Key architectural insight

The agentic action loop is already transport-agnostic. packages/automation-nodes/src/lib/browser-tools-local.ts::ensureState() builds a CdpPage from a chrome-remote-interface client. The conversion hinges on one seam: build an ExtensionCdpPage that feeds the existing CdpPage.create(client, viewport) a synthetic client whose namespaced methods send CDP commands over a WebSocket to the extension instead of a local socket. chrome-remote-interface’s shape is exactly client.Domain.command(params) => Promise and client.Domain.event(cb) => unsubscribe, which we replicate. Everything downstream — element indexing (data-nt-idx), screenshots, all 11 actions, runAgentLoop — is reused verbatim.

Source status

The extension source is gone: chrome-extension/ contains only dist/ (built 2026-01-02) and node_modules/; nothing is tracked in git and the sourcemap-referenced src/ files don’t exist. We rebuild the extension greenfield (TS + Vite + MV3), using dist/manifest.json only as a permissions reference. The old chat UI is intentionally discarded.

Decisions

Wire protocol (/ws/extension, JSON)

Discriminated by kind:

Screenshots ride inside cdp_result (CDP returns base64). Large asset bytes stream as base64 asset_chunk (host→ext, for upload) and media_chunk + media_end (ext→host, for the chrome.downloads capture fallback).

Components (build order)

  1. ExtensionCdpClientpackages/automation-nodes/src/lib/extension-cdp-client.ts. WS RPC layer: monotonic id counter, pending Map<id,{resolve,reject}>, event-listener registry, heartbeat, reject-all on disconnect. Exposes a chrome-remote-interface-shaped client proxy (command→Promise, event→unsubscribe) over domains Page/Runtime/Network/ DOM/Input/Emulation/Console/Fetch. Constructor takes an in-process channel or a wsUrl (NODETOOL_EXTENSION_WS_URL, default ws://localhost:7777/ws/extension). Unit-testable with a fake socket.

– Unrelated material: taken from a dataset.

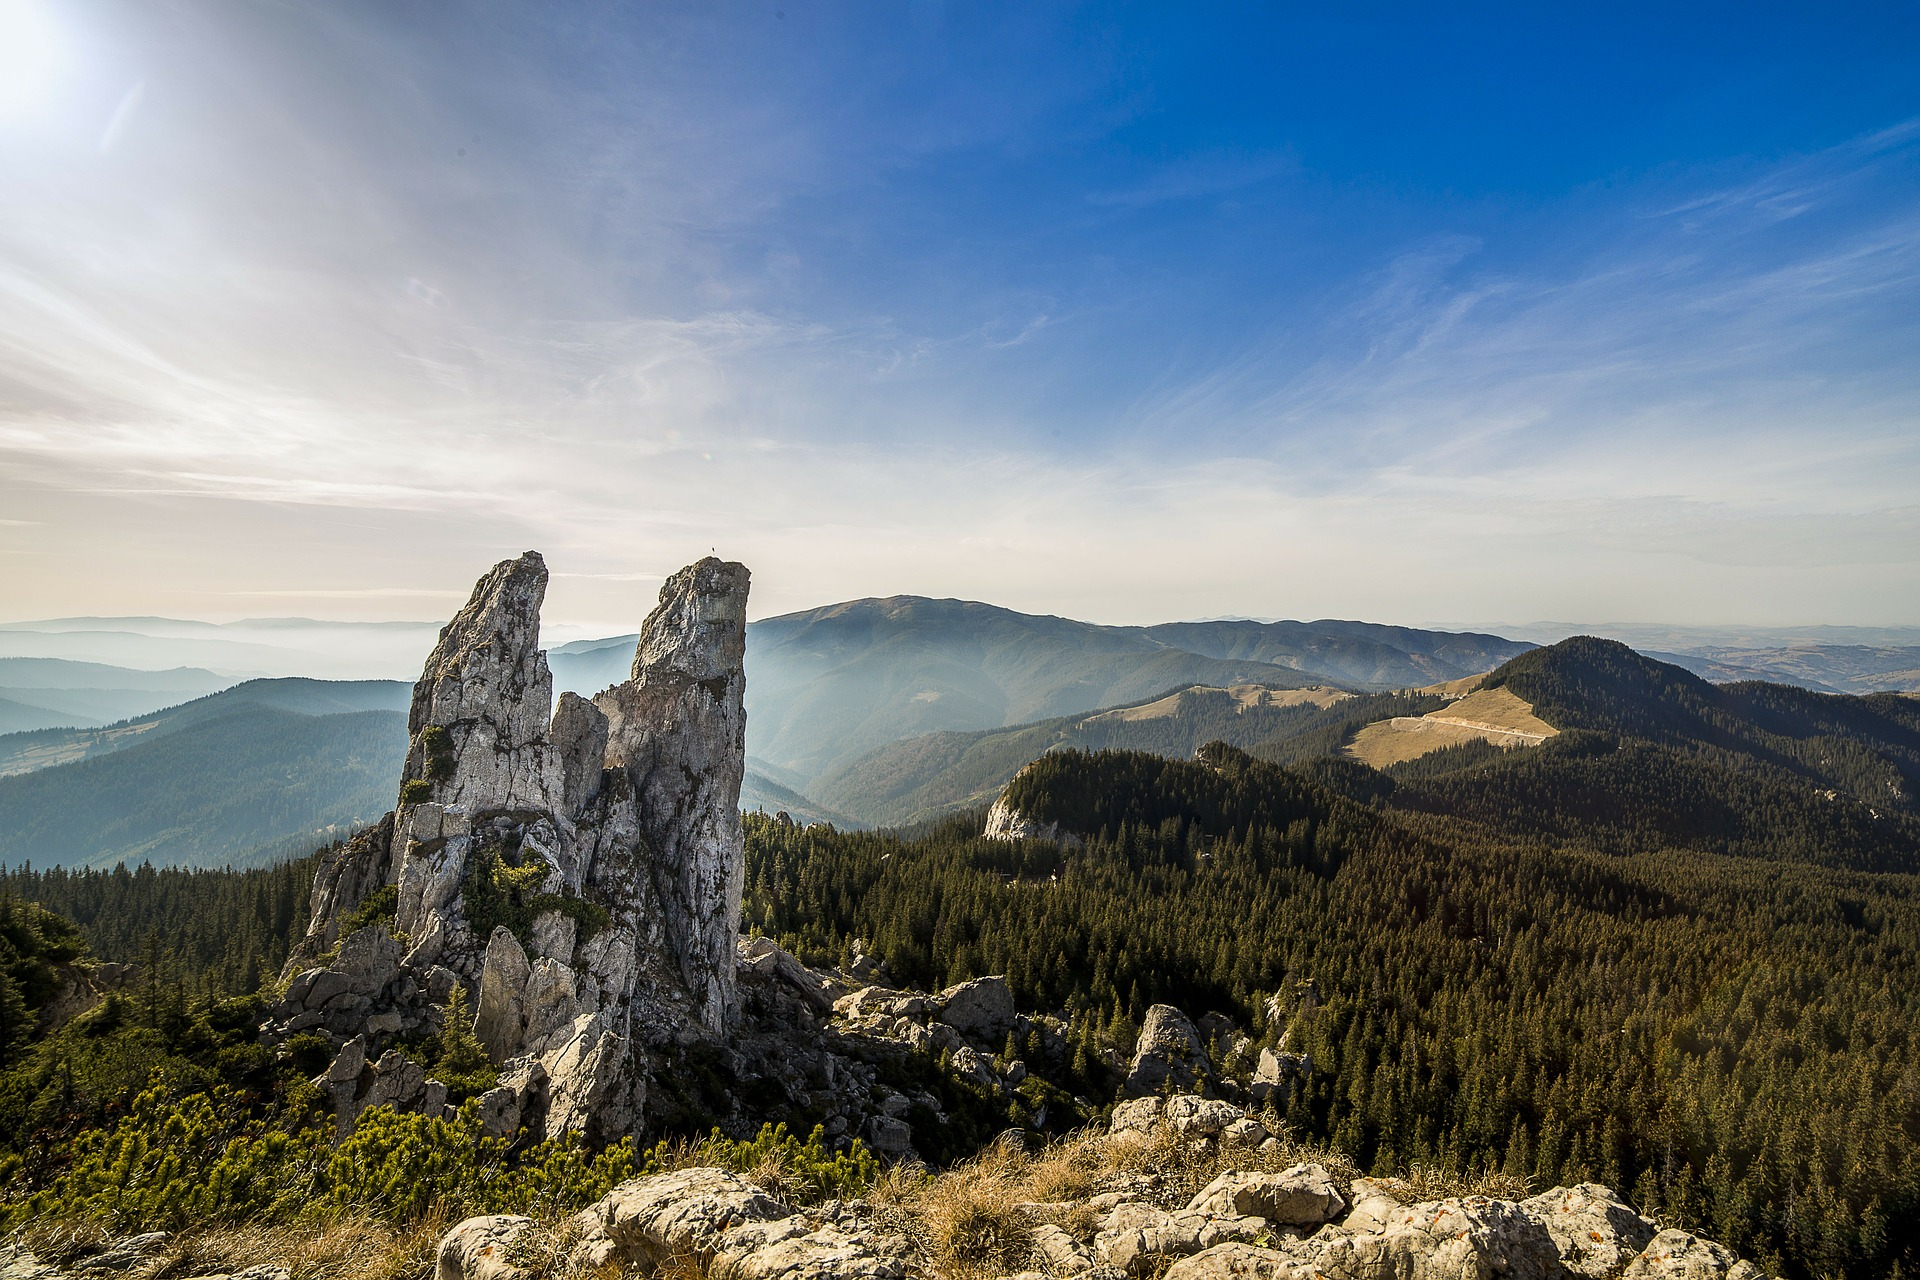 Rumänien ist ein Land voller malerischer Landschaften und jahrhundertelang gepflegter Traditionen.

  2. ExtensionCdpPagepackages/automation-nodes/src/lib/extension-cdp-page.ts. createExtensionPage(transport, viewport) => { page: CdpPage, close }: open the transport, send attach, feed the proxy client into the existing CdpPage.create, send the *.enable commands, set Emulation.setDeviceMetricsOverride (default 1280×900). No CdpPage rewrite.

  3. /ws/extension + ExtensionBridgepackages/websocket/src/plugins/websocket.ts, packages/websocket/src/extension-cdp-bridge.ts. Fastify WS route; register the socket in a module-level singleton keyed by session id; ExtensionCdpClient rides the bridge channel. Localhost auth bypass applies. One extension connection for v1.

  4. Extension rebuildchrome-extension/{manifest.json,package.json,vite.config.ts, tsconfig.json}, chrome-extension/src/background/service-worker.ts, chrome-extension/src/lib/cdp-relay.ts, minimal popup with connection status + server URL + “Attach to this tab” button. Manifest: add debugger + downloads; keep storage/activeTab/tabs/alarms/scripting; drop sidePanel/side_panel and the chat content-script. Relay: on attach, chrome.debugger.attach({tabId}, "1.3"); map cdp frames to sendCommand; forward onEvent; onDetach → fatal error; keepalive via alarms.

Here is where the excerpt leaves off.